Splicing Generated Definitions

With the specification of NanoWasm above, we could now create a document that includes the necessary definitions in both formal notation and prose. SpecTec supports this by applying it to document templates that contain splices of individual definitions.

Such documents are assumed to be in reStructuredText, since that is the format that the Wasm spec is currently using.

For example, assuming the above definition of NanoWasm is collected in a file NanoWasm.spectec, then we can use the command

spectec NanoWasm.spectec --splice-sphinx -p NanoWasm.rst.in -o NanoWasm.rst

to feed the following .rst.in file to SpecTec and produce proper .rst output:

NanoWasm
========

*NanoWasm* is a small language with simple types and instructions.

Abstract Syntax
---------------

The *abstract syntax* of types is as follows:

$${syntax: mut valtype functype globaltype}

Instructions take the following form:

$${syntax: const instr}

The instruction ${:NOP} does nothing,
${:DROP} removes an operand from the stack,
${:SELECT} picks one of two operands depending on a condition value.
The instruction ${instr: CONST t c} pushes the constant ${:c} to the stack.
The remaining instructions access local and global variables.

Validation
----------

NanoWasm instructions are *type-checked* under a context that assigns types to indices:

$${syntax: context}

${:NOP}
.......

$${rule-prose: Instr_ok/nop}
$${rule: Instr_ok/nop}

${:DROP}
........

$${rule-prose: Instr_ok/drop}
$${rule: Instr_ok/drop}

${:SELECT}
..........

$${rule-prose: Instr_ok/select}
$${rule: Instr_ok/select}

[...and so on...]

Two forms of splices occur in this example:

Expression splices (${typ: exp}). The body of these splices are SpecTec expressions. They are rendered into Latex formulas and inserted inline in place. An expression is prefixed by the name of its syntax type. This type can be omitted if it can be inferred or does not matter, but then SpecTec renders the expression as is, without attention to show or macro hints that might be attached to a type.
Definition splices ($${sort: name*}). These splices render and insert (a set of) SpecTec definitions in separate lines or paragraphs. The definitions are identified by their sort (e.g., syntax, rule) and their names, and rendered accordingly. The names may contain wildcards, which expand to all known rule names matching it.

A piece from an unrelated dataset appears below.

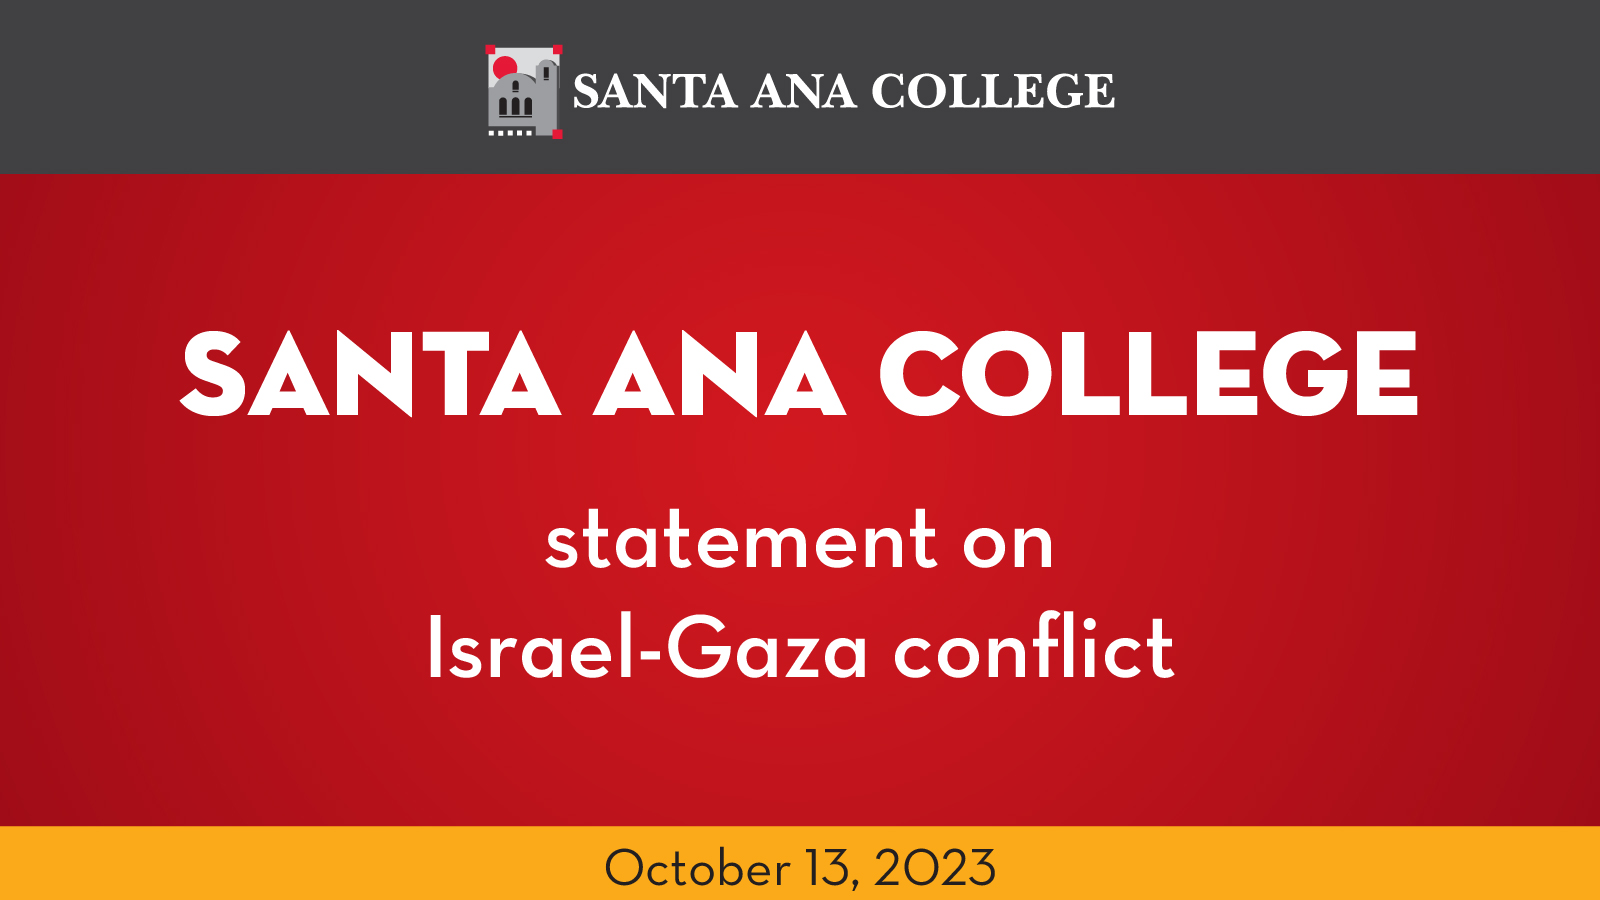 Santa Ana College statement on Israel-Gaza conflict

Rule definitions can be spliced in two different forms, either as formal math, using the sort rule, or as English prose, using the sort rule-prose. In the above example, like in the actual Wasm spec, we insert both forms next to each other.

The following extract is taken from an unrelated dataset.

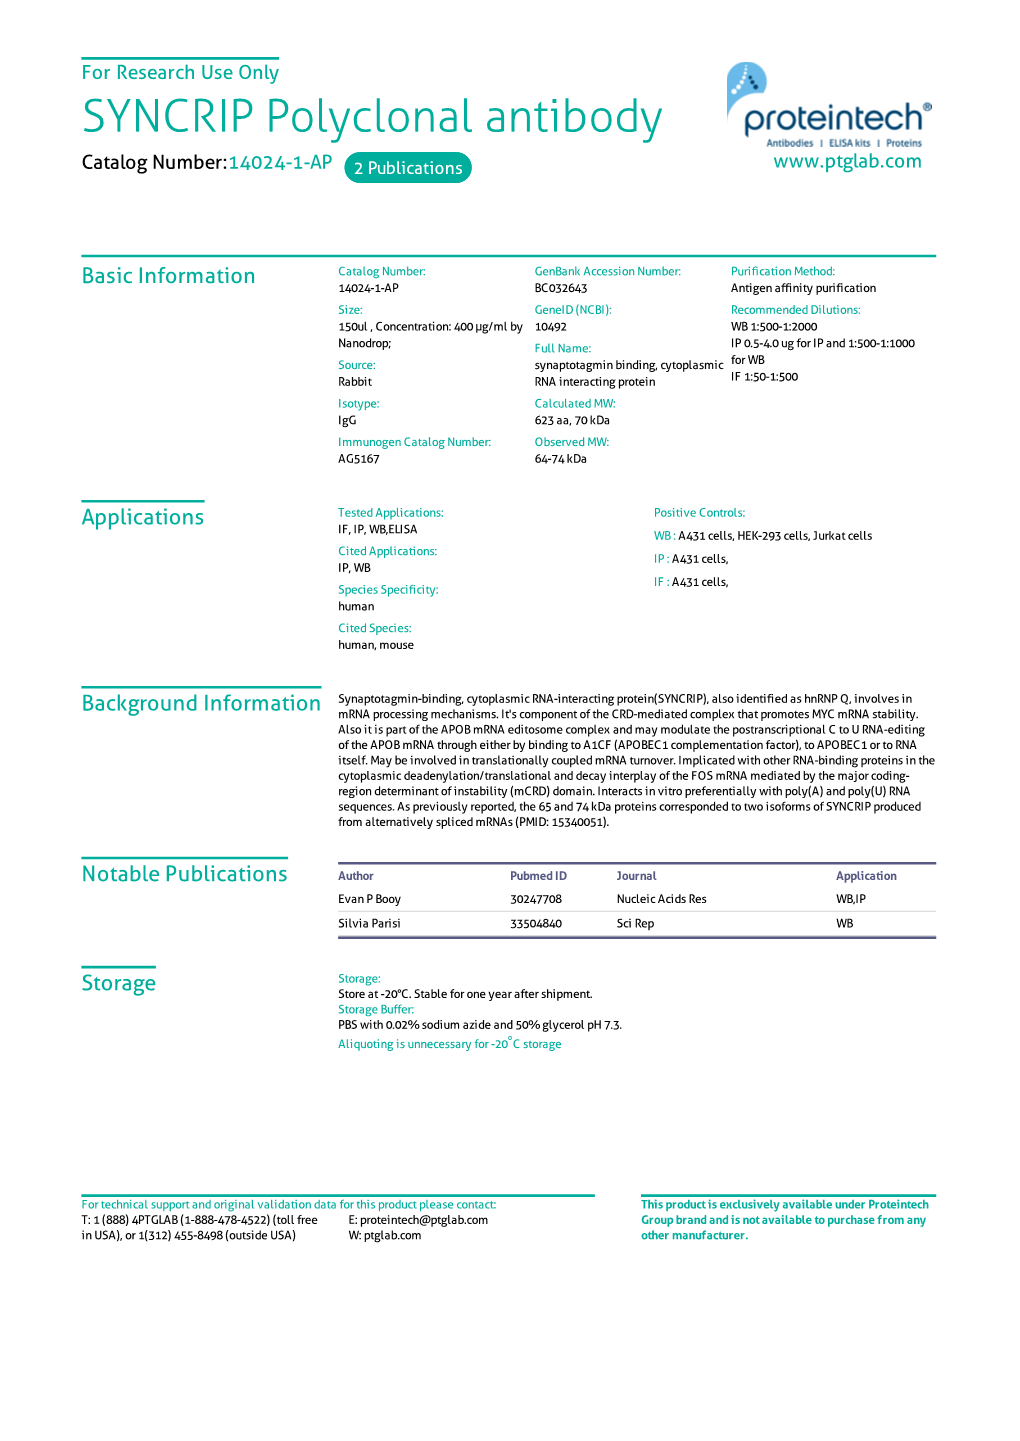 SYNCRIP Polyclonal Antibody Catalog Number:14024-1-AP 2 Publications

When multiple (non-prose) definitions are spliced together, then their formulas are laid out to align.

Note: A complete version of the example with a Makefile for running Sphinx and producing both HTML and PDF from it can be found in the example directory). The generated .rst file with can be seen here, as well as the final output in HTML or PDF format.